Data provided »
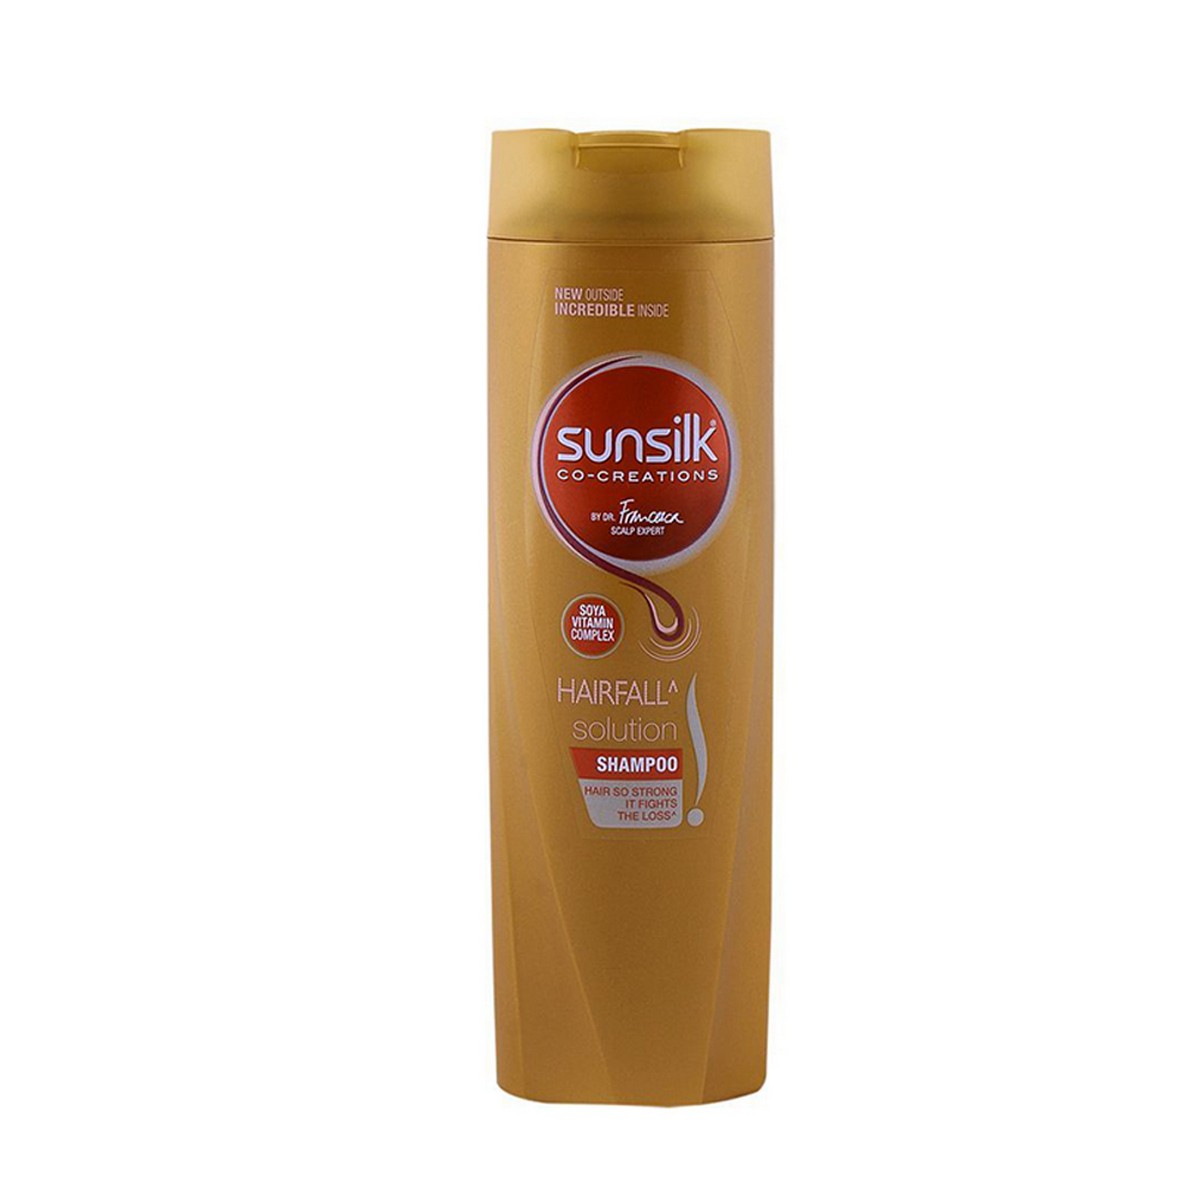 Sunsilk Shampoo Price In Pakistan – 200ml Fall Solution
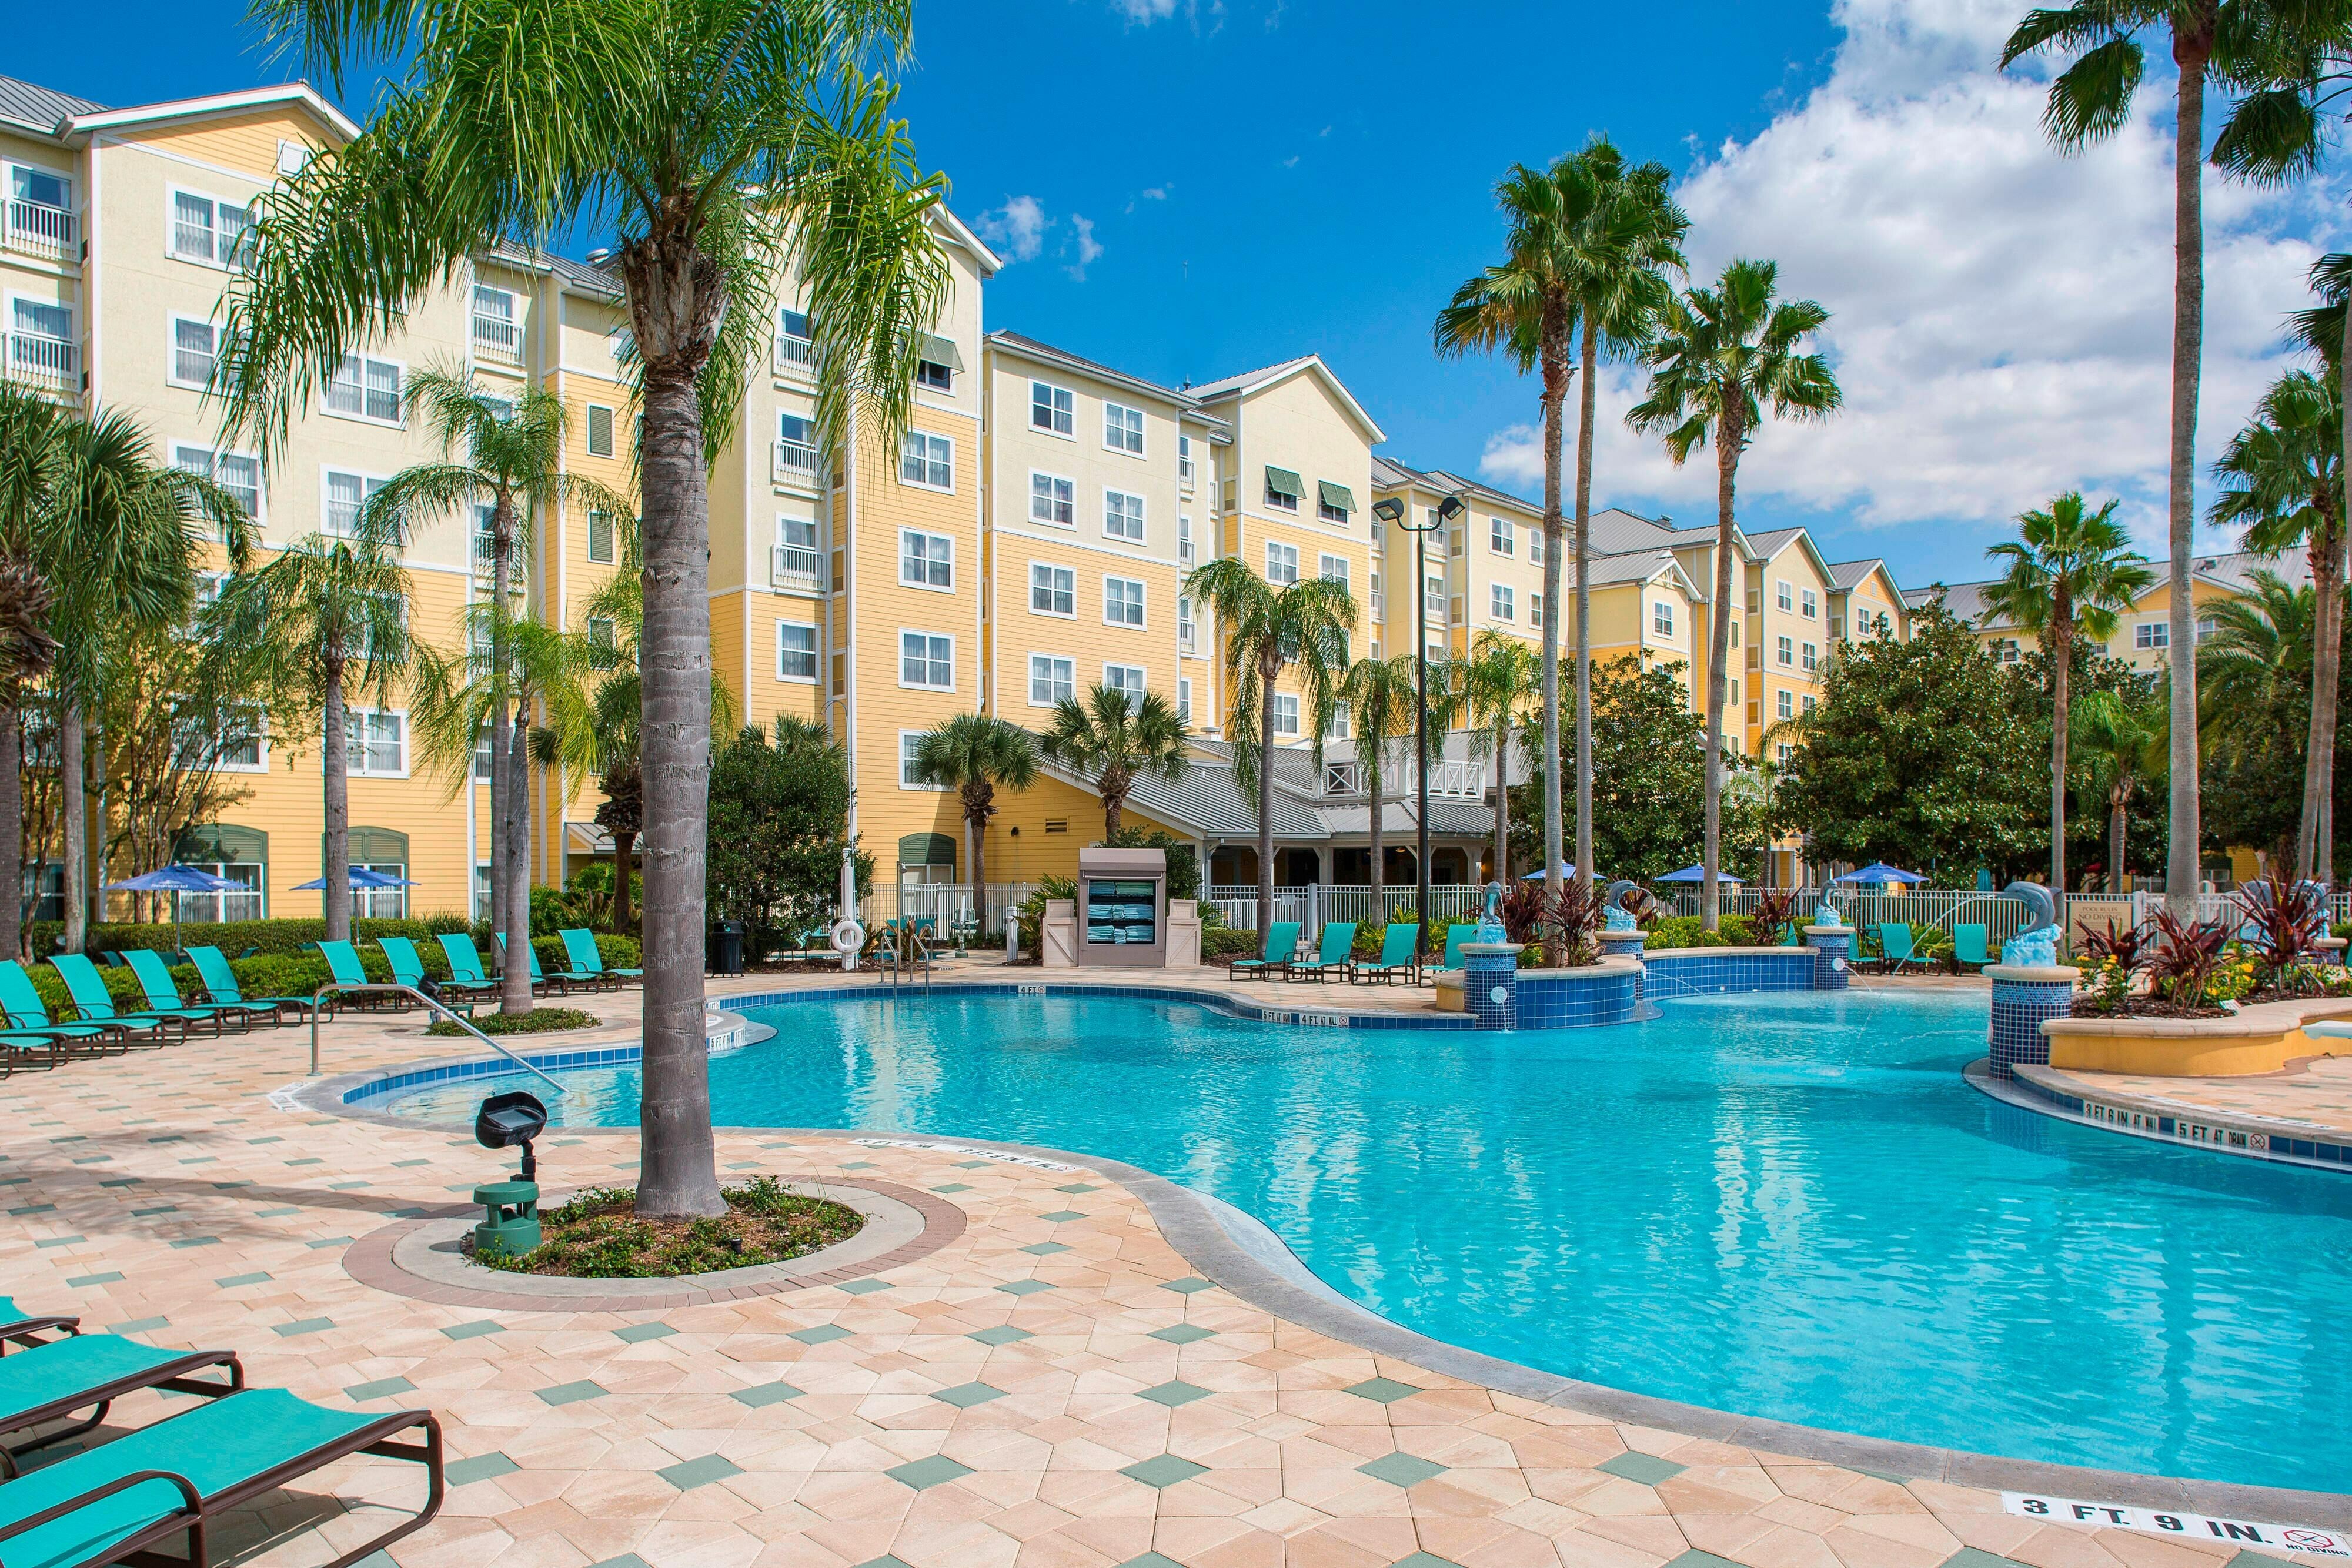 Photo of Residence Inn Orlando at SeaWorld®, Orlando, FL
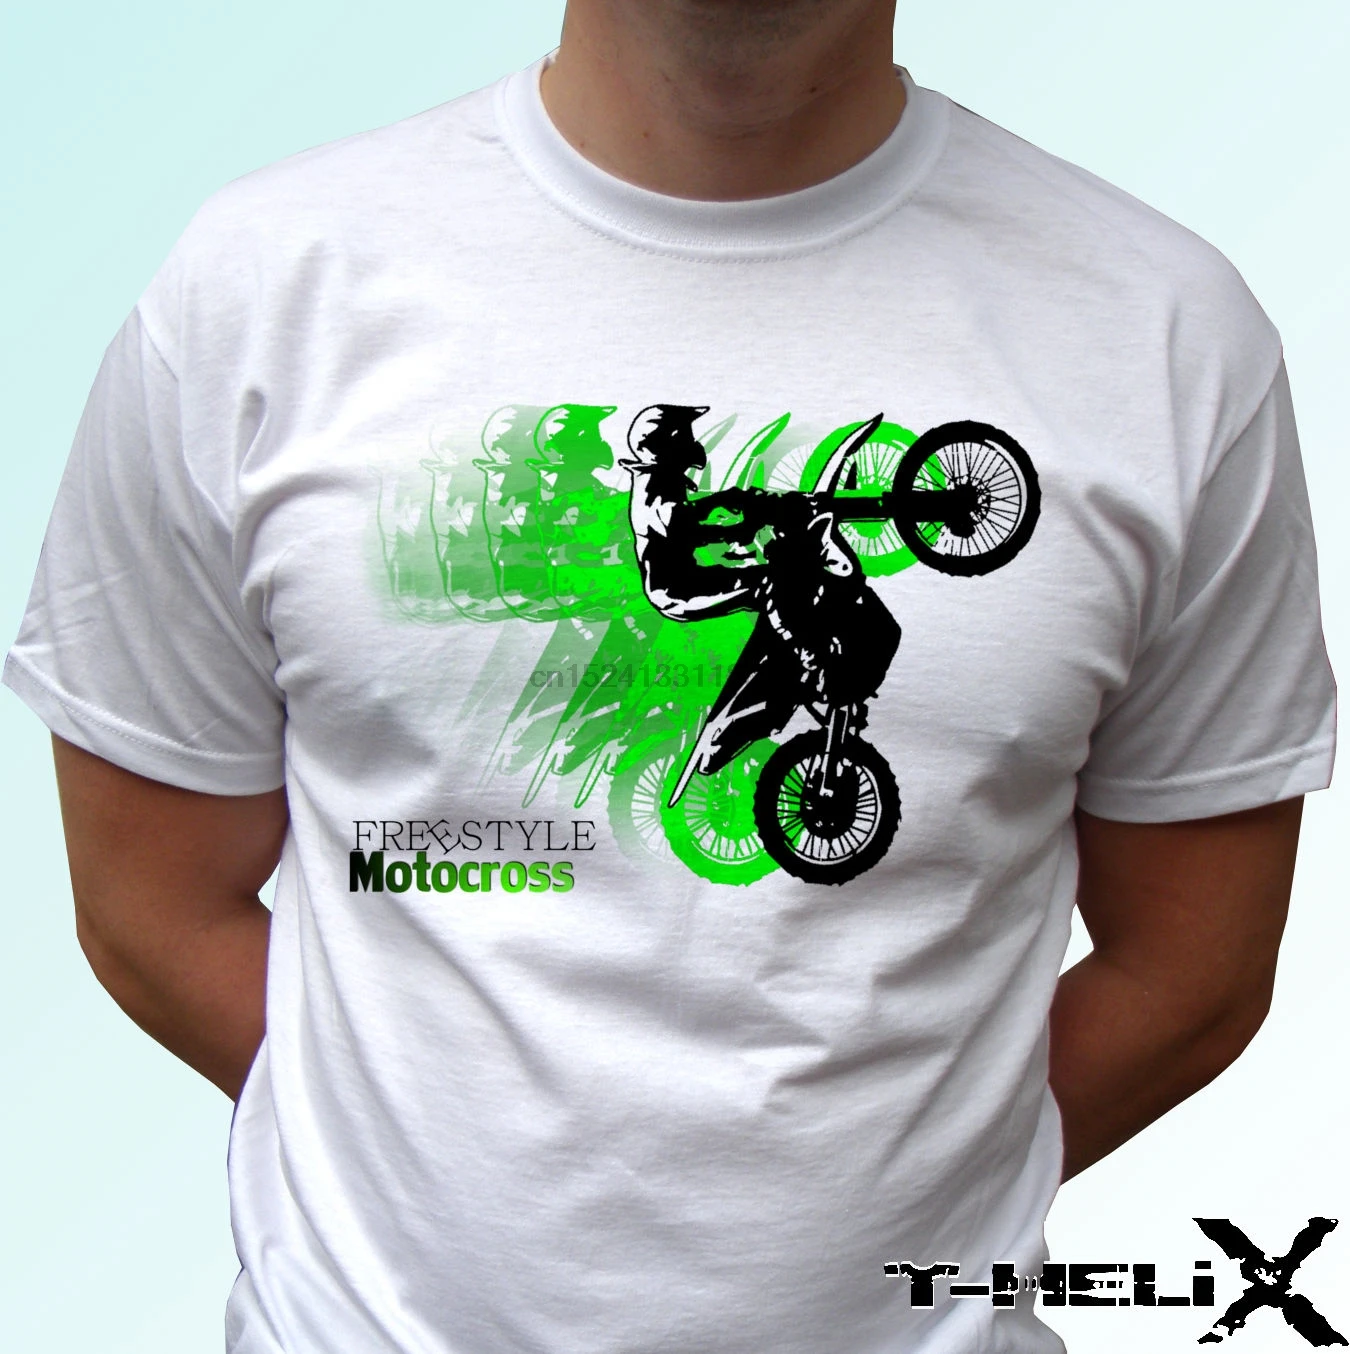 for mens womens kids baby Freestyle Motocross white t shirt top sport design

Task to complete »
Print nothing except the lines from the one with "Photo of Residence" through the last line of the listing, exactly as written and with pictures removed.

Your response »
 Photo of Residence Inn Orlando at SeaWorld®, Orlando, FL
 for mens womens kids baby Freestyle Motocross white t shirt top sport design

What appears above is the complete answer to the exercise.